У окна, прямо напротив их окон (напоминаю, это петербургский двор-колодец), часто сидела девушка с печальным лицом. Он, естественно, нарисовал ее портрет: окно, она, банка соленых огурцов и чахлый цветок алоэ. Наталья расплакалась и сказала: «Это потрясающе. Ты должен подарить этот портрет ей». Тарас, как всегда, промолчал.
А потом однажды Наталья увидела его во дворе. Он вез инвалидную коляску, а в коляске сидела девушка из окна и прижимала к себе деревянный складной мольберт.
– Я умру, если ты не скажешь, – сказала ему вечером мать.
– Ее зовут Вера, она живет в 47 квартире, ей двадцать лет, – тоном работника отдела кадров отчитался Тарас. – Она не может ходить. Она тоже любит рисовать. Я отвез ее в лавру. Она там сделала эскизы… Да. Вере очень понравился ее портрет. Она передает тебе спасибо за то, что ты меня надоумила подарить его ей.
Я вытащила из-под бумажек давний рисунок Тараса и ткнула пальцем в ван-гоговские завитки небесно-космических вихрей.
– Я эмбриолог в прошлом, – сказала я Наталье. – А иначе бы нипочем не догадалась. Смотрите сюда: вот здесь, внутри завитков, кто это?
– Младенчики в утробе! – ахнула, приглядевшись, Наталья и прижала ладони к щекам. – Что ж это?..
– Не знаю. Может быть, братья и сестры, о которых он всегда мечтал, как и вы, Наталья?
– Я подумаю, – помолчав, сказала женщина. – С Тарасом в последнее время стало легче.
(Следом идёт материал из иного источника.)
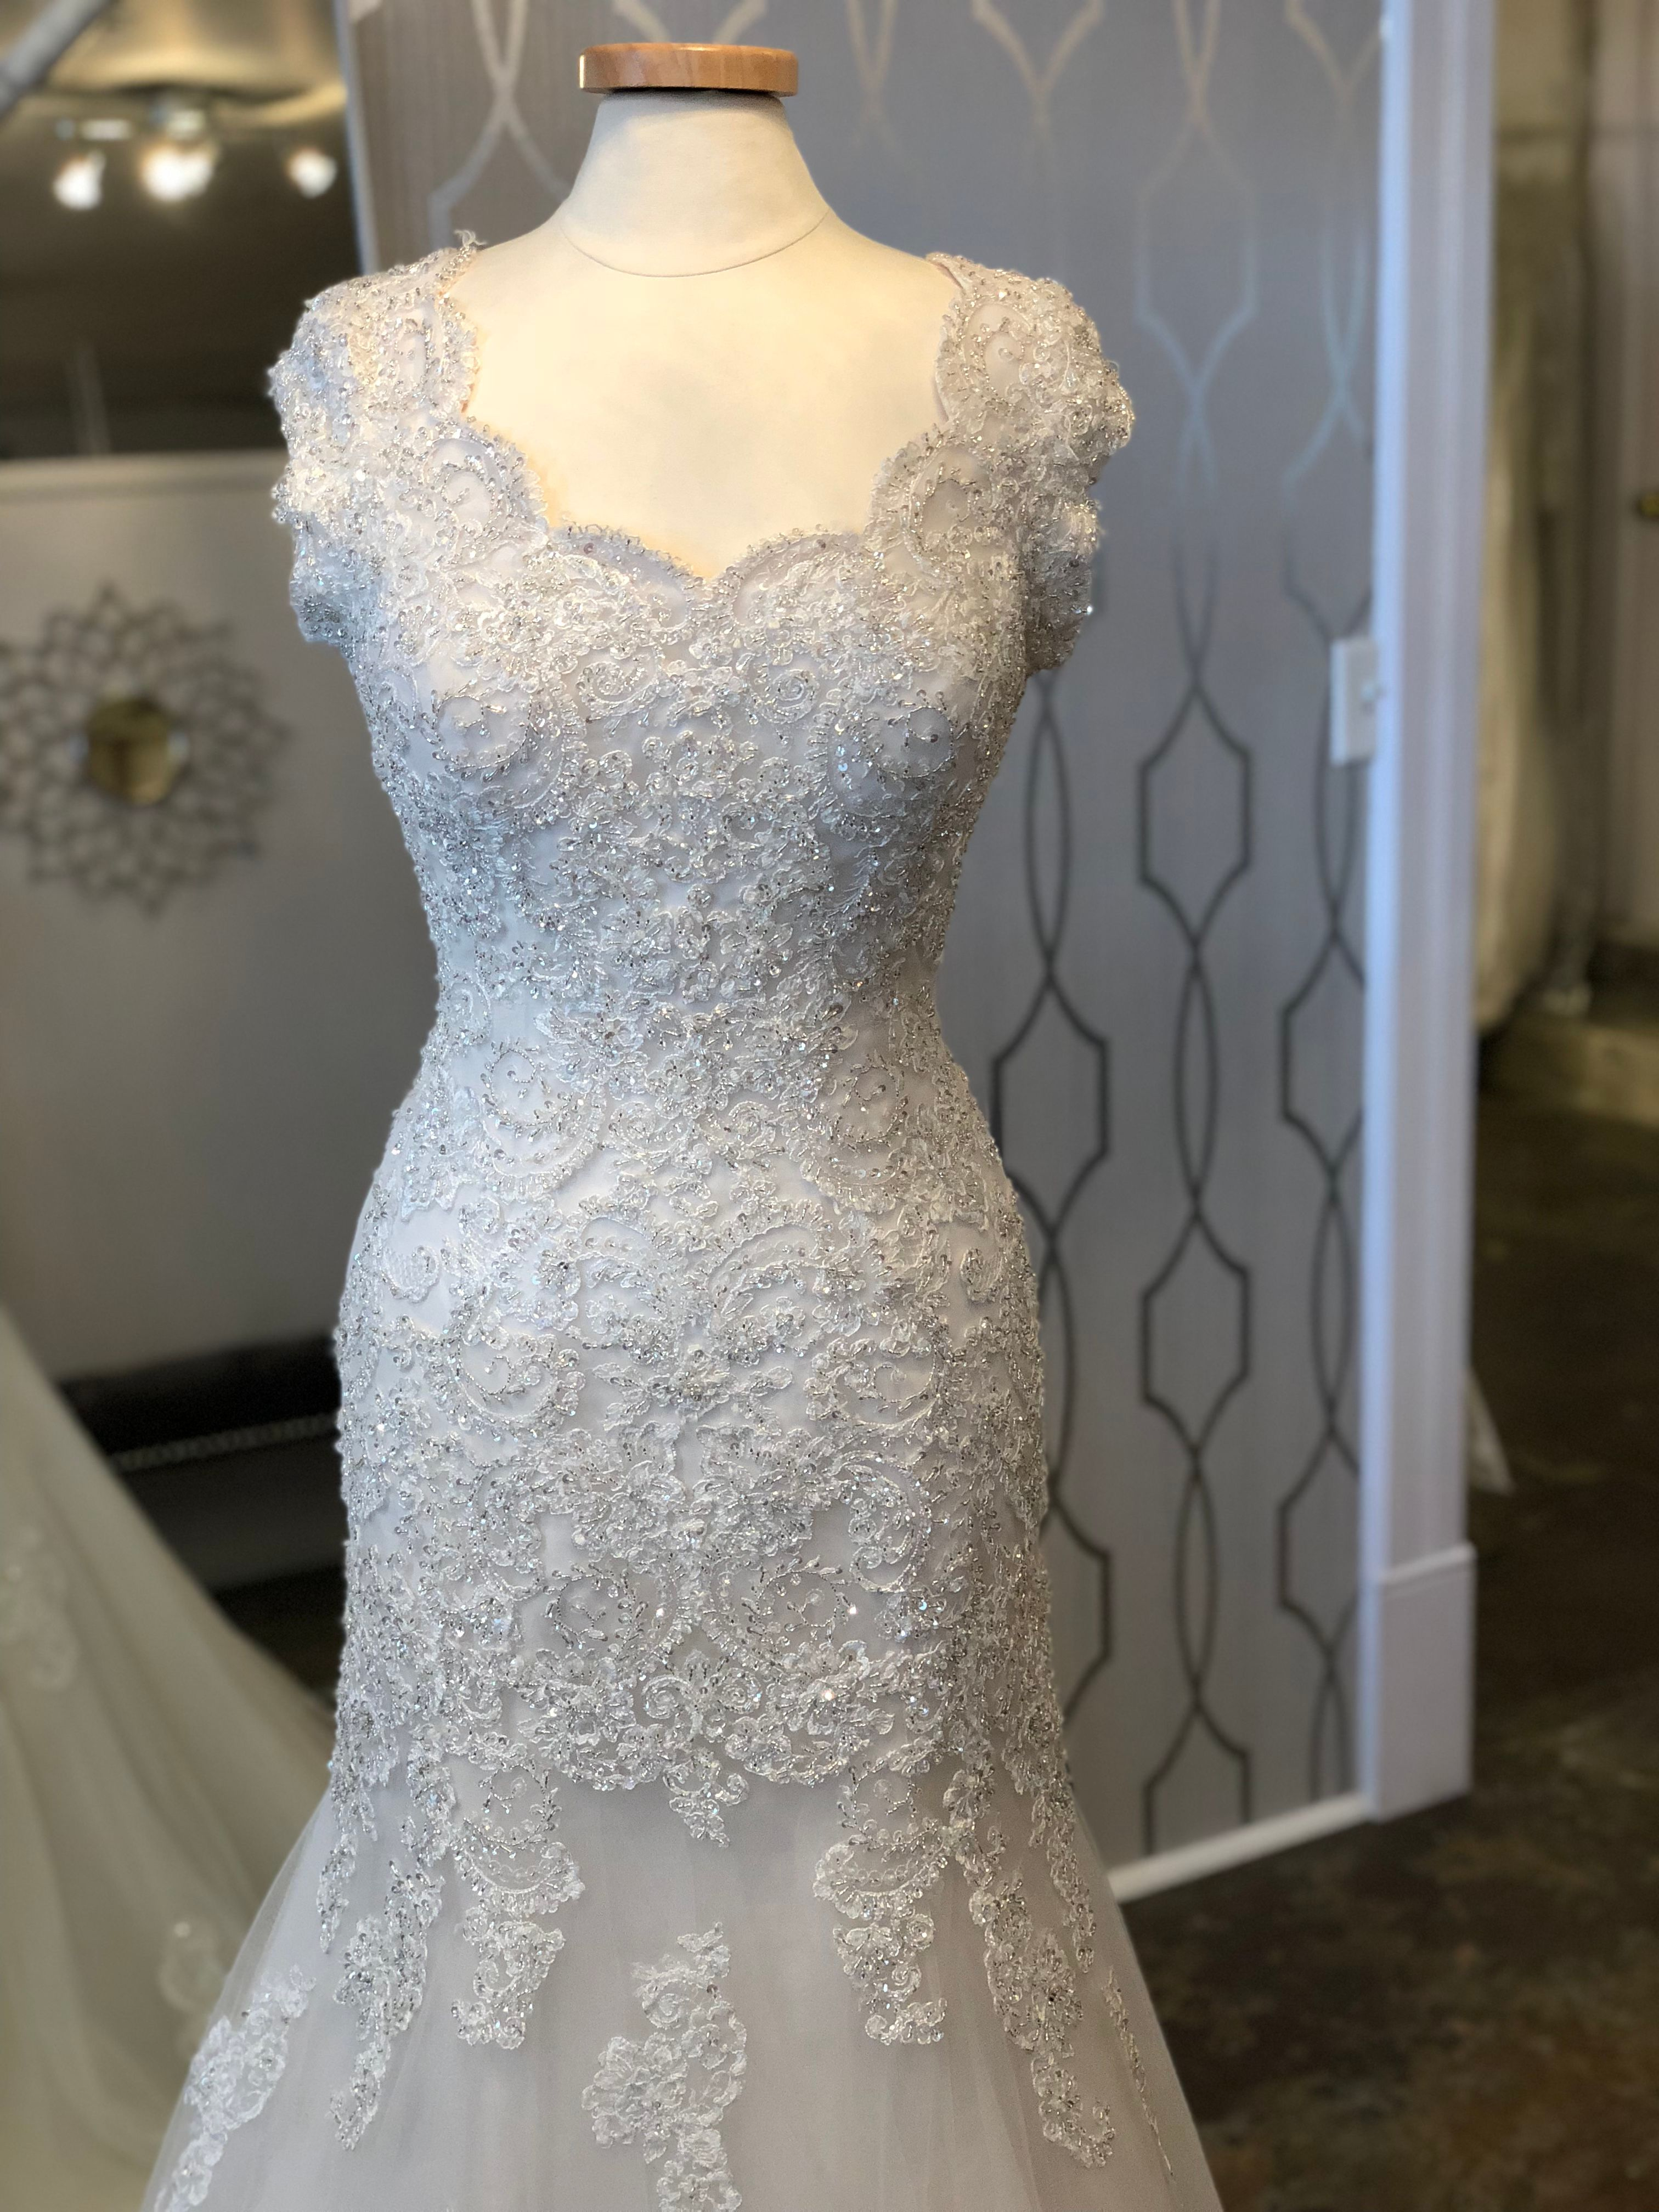 Affordable Designer Wedding Dresses Wedding Dresses Designer Wedding Dresses Dresses,Lace Vintage Style Plus Size Wedding Dresses

И, в конце концов, по нынешним временам не так уж и поздно…
«Иакова я возлюбил»
Девочка была низенькая, полная, коротконогая, с прямыми темными волосами, открытым, но низким лбом и маленькими красноватыми глазками, которые ее недоброжелатель непременно сравнил бы со свинячьими. Улыбка у нее была добрая, но зубы явно плохие.
– У меня есть сестра, старше меня на два с половиной года, – сказала моя посетительница, представившаяся Машей. – Ее зовут Таня. Вот ее фотография.
Уже почти обо всем догадавшись, я хотела было отказаться от фотографии Тани, пробормотав что-то вроде: ко мне пришла ты, давай о тебе и поговорим, что мне до Тани… – но Маша буквально всунула ее мне в руки.
Я, естественно, посмотрела. И вопросов у меня практически не осталось – Таня оказалась высокой стройной красавицей с огромными фиалковыми глазами и пепельными локонами. Бедная Маша… Но, может быть, эта Таня все-таки глупа? (Должна же быть в мире хоть какая-то справедливость!..)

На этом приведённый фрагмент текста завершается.